Overview Originally produced for use as a synthetic hormone in 1936, today

bisphenol-A (BPA) is manufactured in excess of six billion pounds per

year. BPA is most commonly used as the building block of polycarbonate

plastic for products such as baby bottles and water bottles, epoxy resins

(coatings that line food containers), and white dental sealants. It is

also an additive in other types of plastic used to make children’s toys. BPA molecules are

bound by "ester bonds” to form a polymer used to make polycarbonate

plastic. As the building block of polycarbonate, BPA is the primary

chemical in polycarbonate, and it thus does not exist in only trace

amounts. While plastics are typically thought of as stable, scientists

have known for many years that the chemical bond between BPA molecules is

unstable. The bond is disrupted by heat and acidic or basic conditions

that release BPA into food or beverages in contact with the plastics. In brief, this

summary reveals that there is extensive scientific literature reporting adverse

effects of BPA at doses lower than the current level considered safe by U.S.

EPA, a high rate of leaching of BPA from food and beverage containers, and

evidence that the median BPA level in humans is higher than the level that

causes adverse effects in lab studies.

·

Children are Most at Risk

Growing children are particularly at risk to chemicals in their environment

because they face greater exposure per pound of body weight and are

physiologically more susceptible to them.Children’s exposures begin at conception, as chemicals, including BPA,

cross the placenta in a pregnant woman’s body

and can affect the embryo or fetus during critical periods of

development. Even after birth, children’s bodies remain immature,

with underdeveloped detoxification mechanisms to protect them from BPA as well

as drugs. Their brains and other organ systems are constantly developing,

undergoing periods of particular sensitivity to damage or disruption.

Especially because growing children are particularly at risk from BPA exposure

and adverse effects on intellectual ability, social behaviors, fertility, and

potential for disease may take decades to detect, precautionary measures must

be taken to protect children from exposure to products containing BPA that they

use everyday. ·

BPA Levels in Humans are Above Harmful Levels Found in Studies

According to the U.S. Centers for Disease Control, 95% of Americans have

detectable levels of bisphenol-A in their bodies.

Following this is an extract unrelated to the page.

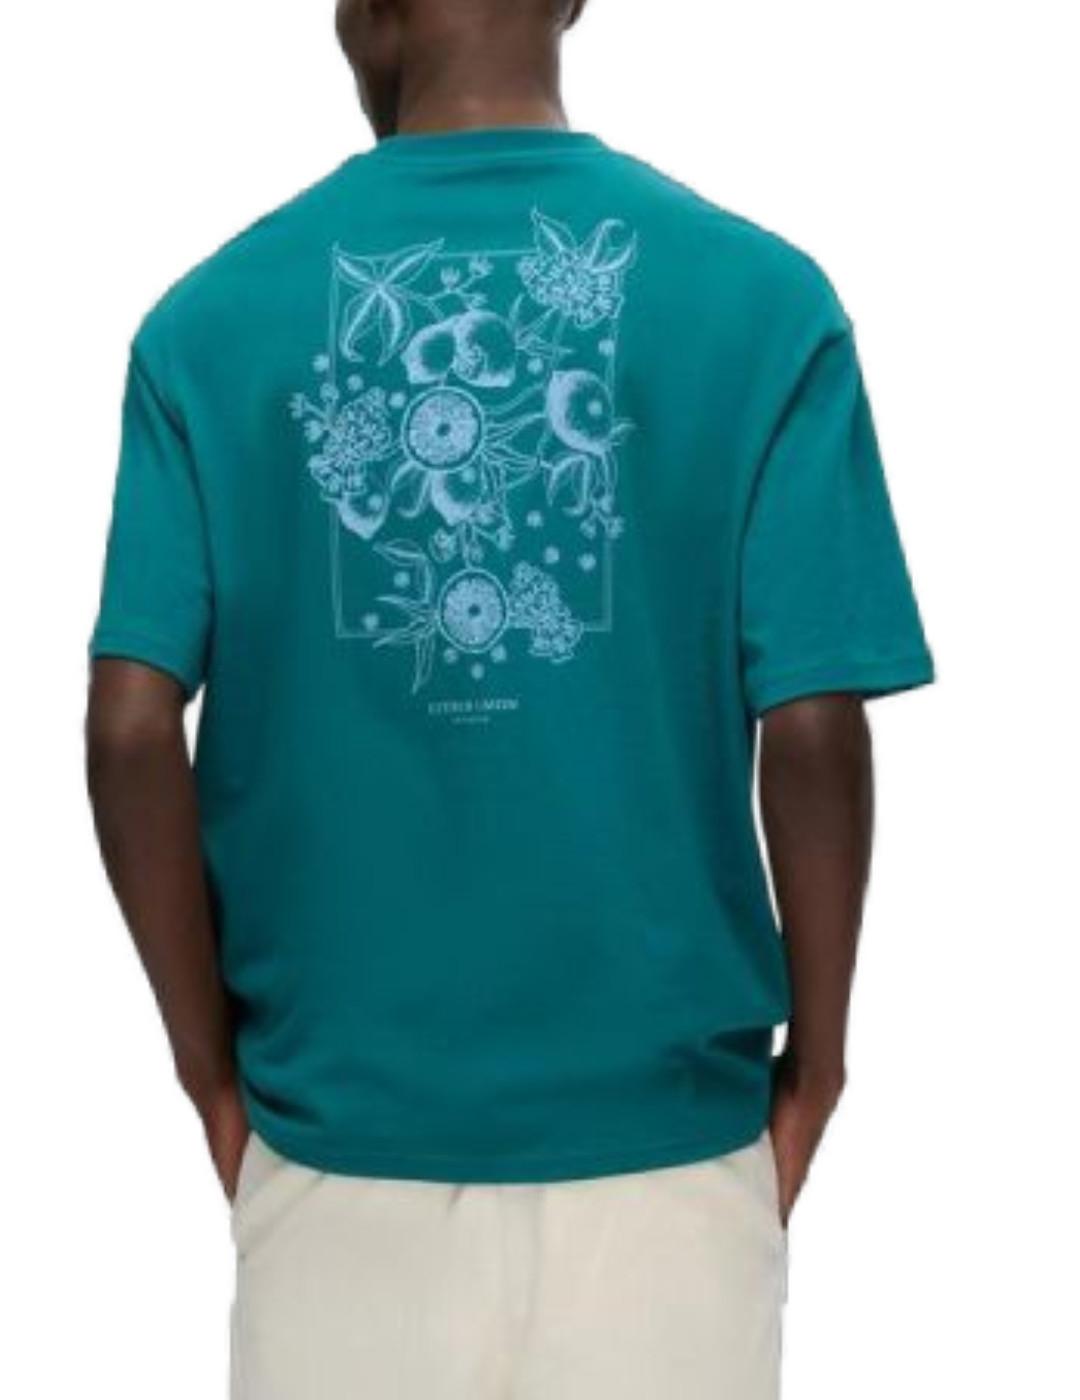 Camiseta Selected Corby azul turquesa manga corta de hombre

In a recent CDC study, the observed BPA levels detected—0.1 to 9 parts

per billion (ppb)—were at and above the concentrations known to reliably

cause adverse effects in laboratory experiments. Despite the fact that

BPA is metabolized by the body, the findings provide strong evidence that

exposure to BPA is very frequent or nearly continuous

In fact, one recent study found significant increases in calcium inflow even at

the lowest levels of BPA exposure in the parts per trillion (ppt) level.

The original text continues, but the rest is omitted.